Deutmeyer argues that cable and satellite providers should not view
services like HBOGo, which allows subscribers to view HBO content on
their mobile devices such as iPads, as the enemy. Instead, Deutmeyer
says that the HBOGo service will help providers, because it adds value
to the HBO subscription. "It really is a great retention tool for us,"
he said.

Tara
Maitra, SVP/GM, content and media sales, TiVo - 

which premiered Hulu Plus on Tivo Premiere DVRs this week - says that content players are also huge winners, since their
content is becoming easier to find.
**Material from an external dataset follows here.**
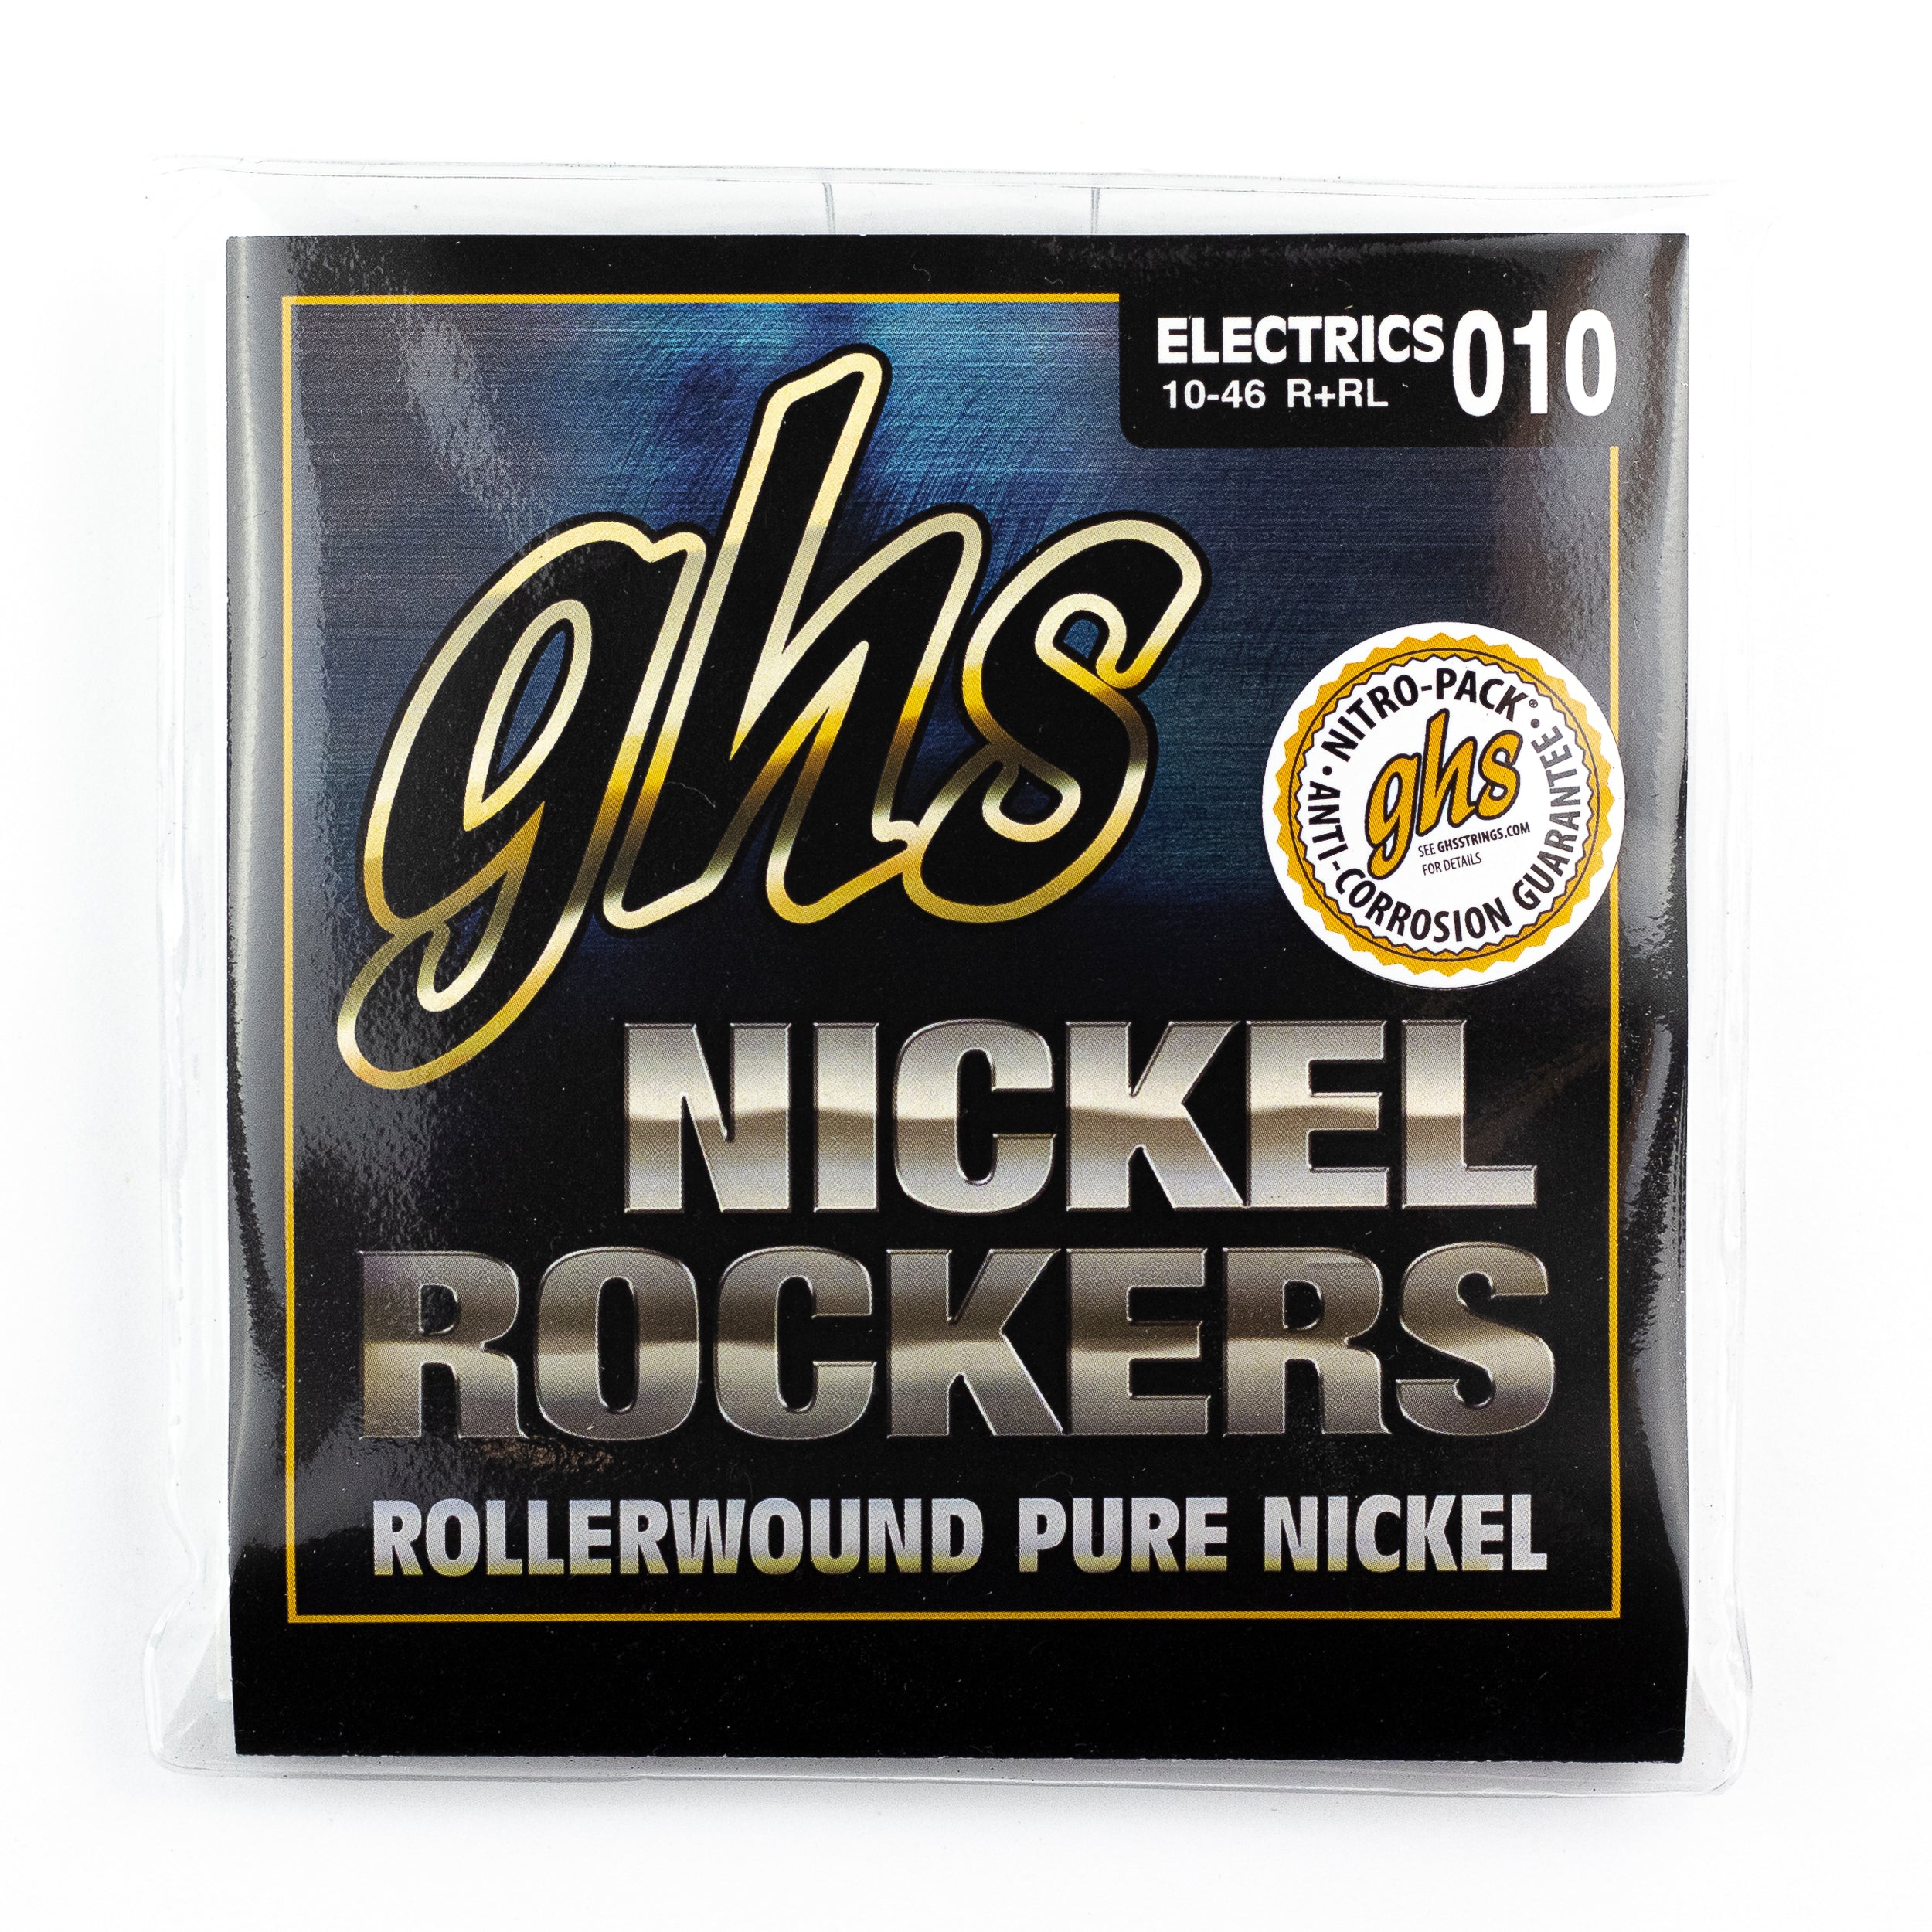 GHS Nickel Rockers Pure Nickel Rollerwound 10-46 Electric Guitar Strings, Light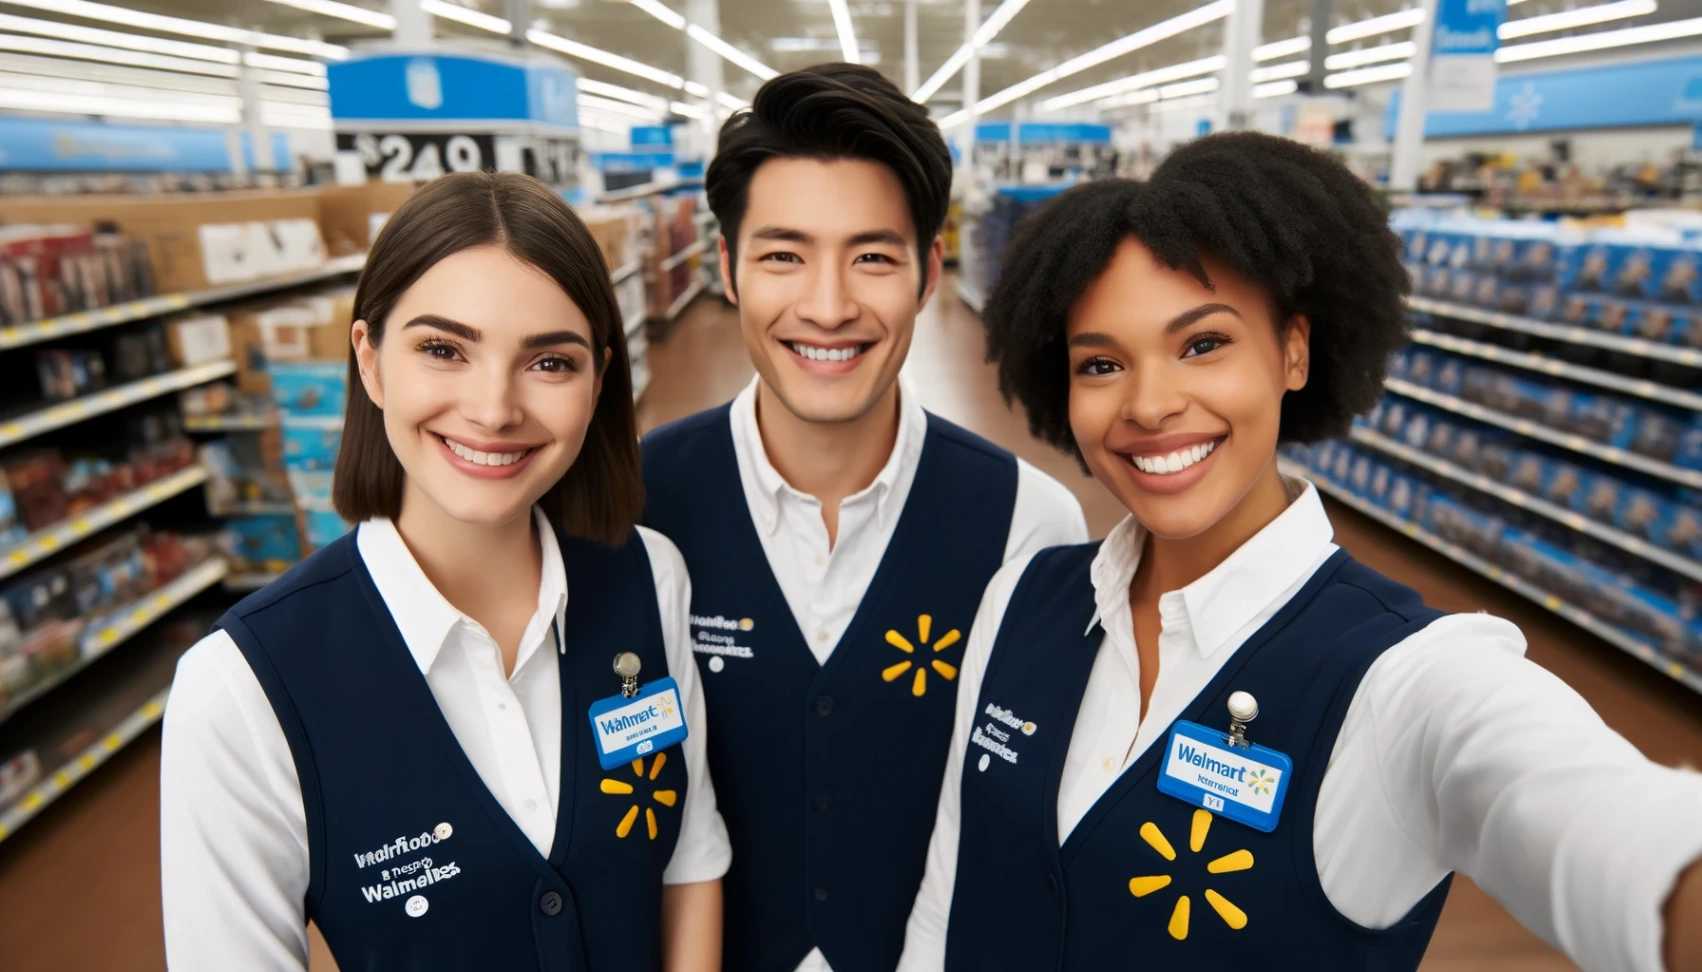 Carrières chez Walmart : Pas à pas vers votre candidature réussie

However, she states that some
providers, who like to act as "gatekeepers" to their content are finding
it difficult to keep those walls up. "Internet connected TVs break down
those [walls]," said Maitra.

Richard
Bullwinkle, chief evangelist for Rovi Corp., which produces much of the
technology that connected devices - namely Samsung - use, says the key
is to get the cable and satellite providers to understand how the
service works. "We are now in a world where consumers set the use
cases," said Bullwinkle. "It's no longer us sitting in a lab and saying 'what can we create that consumers might want?'" He comments that
service providers need to understand that connected devices and
services, like HBOGo, are not there to replace them but to enhance the
viewer's experience.

Marc
Sokol, EVP, marketing and business development, NeuLion, on the other
hand, sees a shift in how certain things, such as live events, will be
viewed by the audience. NeuLion is the exclusive streaming provider for
the NHL, and provides streams for the NFL, NBA and UFC as well. Sokol
argues that in the realm of live sports, the streaming experience far
exceeds what broadcast television provides. "They [viewers] want
multiple cameras, they want the ability to have these multiple audio
feeds, they want the ability to vote and judge the fight by themselves
and interact with Twitter," said Sokol. "All of this is only available
when you have an internet-connected television set." Sokol believes that
connected television will become the de facto method of viewing live
sporting events.

Bullwinkle
countered that while connected mobile devices such as iPads and tablets
are well-received by the public, interactive television is not, because
mobile devices are a more personal experience while the tube is still
considered a more communal one. Bullwinkle states that the interfaces on
televisions are usually more confusing compared to the more simplistic
ones on mobile devices. Maitra commented that TiVo's iPad app is meant
to aid television watching, and makes viewing a "two-screen experience."

Deutmeyer
said that his company's HBOGo service gives viewers many options that
previously were not available. "There are just a lot of different ways
that people want to consume content," said Deutmeyer. "Where they watch
HBO is really kind of up to them."

The
panel all agreed on one thing: Today's viewers have many more options
for how they want to receive their content, and the connected devices
industry is finding new and better ways to provide that.

"I don't care what channel my show is [on], I just care about the show," said Bullwinkle.